Григорий Иоганнович даже глаза приоткрыл, недоверчиво покосившись на Быкова. Странно было слышать такое от человека, который на протяжении множества лет читал, казалось, лишь всевозможные руководства по эксплуатации, наставления да технические паспорта.
- Мы своим душам не вредили,- сказал Быков и осторожно положил чугунную, горячую, как из домны ладонь на острое колено друга.- Цель - люди, Иоганыч. Все остается людям.
- Да, мы так когда-то думали. Но люди-то разные, и цели себе ставят разные! И в разных целях будут использовать все, что ты им оставишь... Положа руку на сердце, Алеша... ведь на самом деле ты трудишься лишь для тех, чьи цели совпадают с твоими, про остальных в лучшем случае не думая... а в худшем - думая, что их всех надо как-то... перевоспитать... глаза им открыть, что ли... Ведь правда?
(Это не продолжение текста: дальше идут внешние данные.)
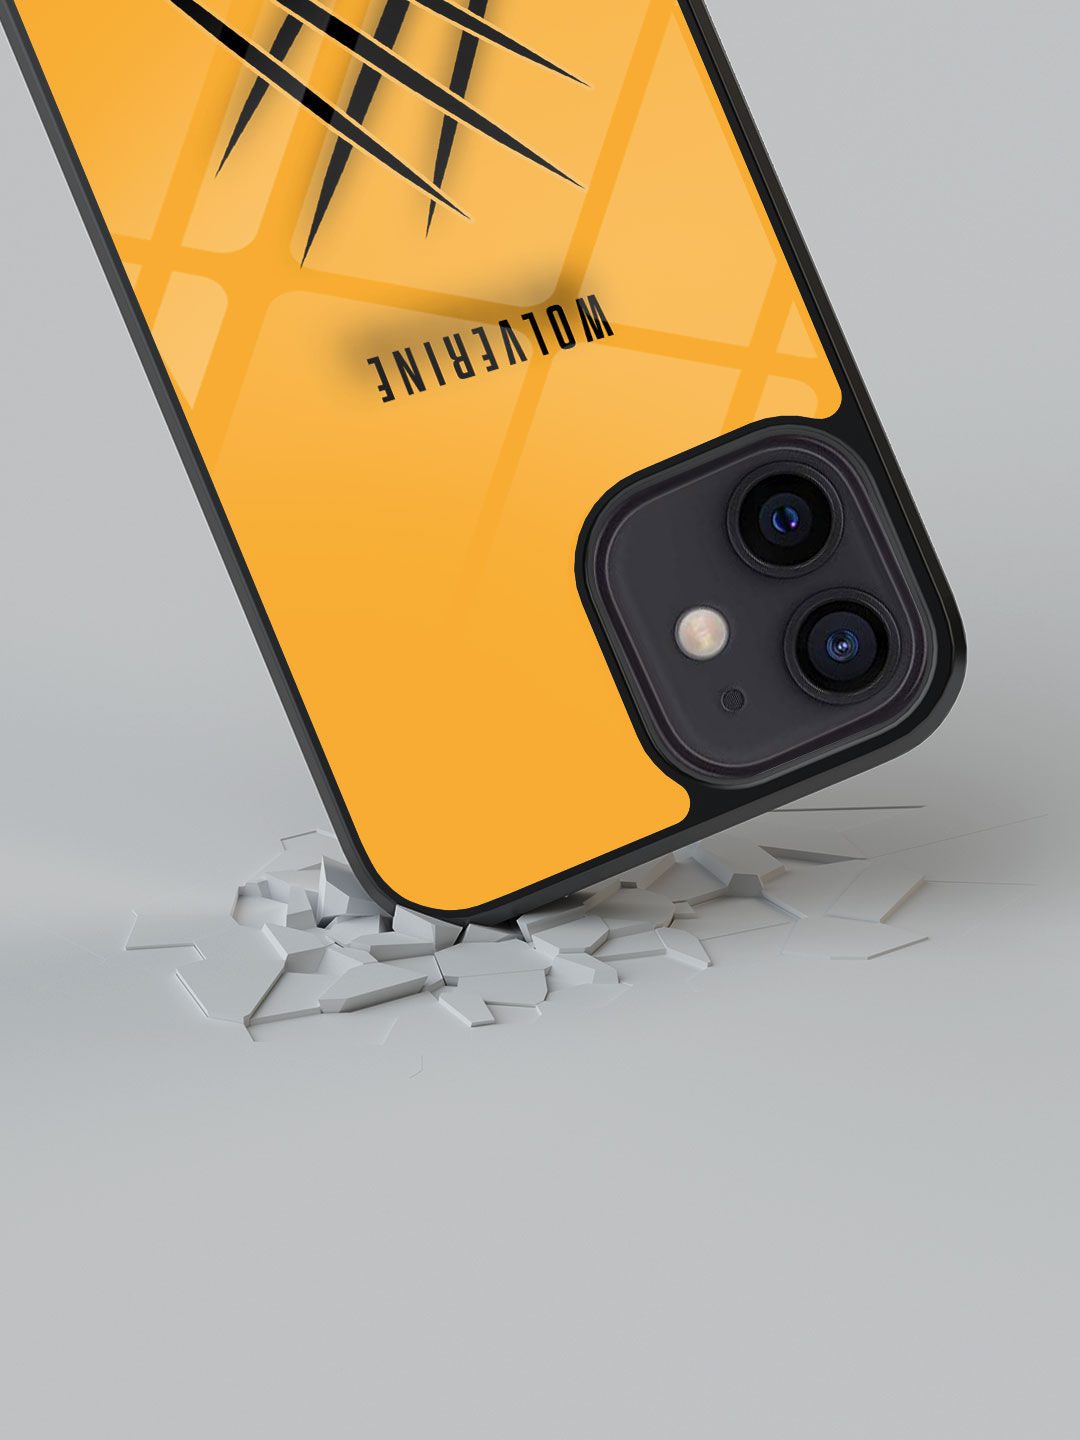 Minimalistic Wolverine - Glass Case For iPhone 12 Mini

И я тоже, и все... иначе человек не умеет!
Автобус легко отвернул влево - пассажиров одинаково качнуло на сиденьях; нечувствительно пересек встречную полосу и вкрадчиво, будто высматривая место для ночлега, покатил в сторону от проспекта.
- В свое время в Гоби,- неспешно проговорил Быков, глядя в дождливую мглу впереди и словно бы ни к кому не обращаясь,- много довелось работать с китайскими товарищами. Так меня еще тогда поразило: "товарищ" по-китайски - "тунчжи" и дословно это значит что-то вроде "единочаятель". Не единомышленник даже - а тот, с кем мы хотим одного и того же. Здорово, правда?
- Ну, вот видишь! Значит, первый ответ на вопрос "зачем?" будет: для своих единочаятелей. А уж когда найдешь их, тогда вместе с ними можно попытаться дать еще более общий ответ. Найти еще более высокую цель...
- Не знаю... - раздумчиво прогудел Быков.- По-моему, наоборот. Ты работай, а тунчжи сами найдутся. А если начать с того, что собрать толпу на идейной какой-нибудь основе, оглянуться не успеешь, как эти партайгеноссе станут бандой, навязывающей свои чаяния всем, до кого могут дотянуться.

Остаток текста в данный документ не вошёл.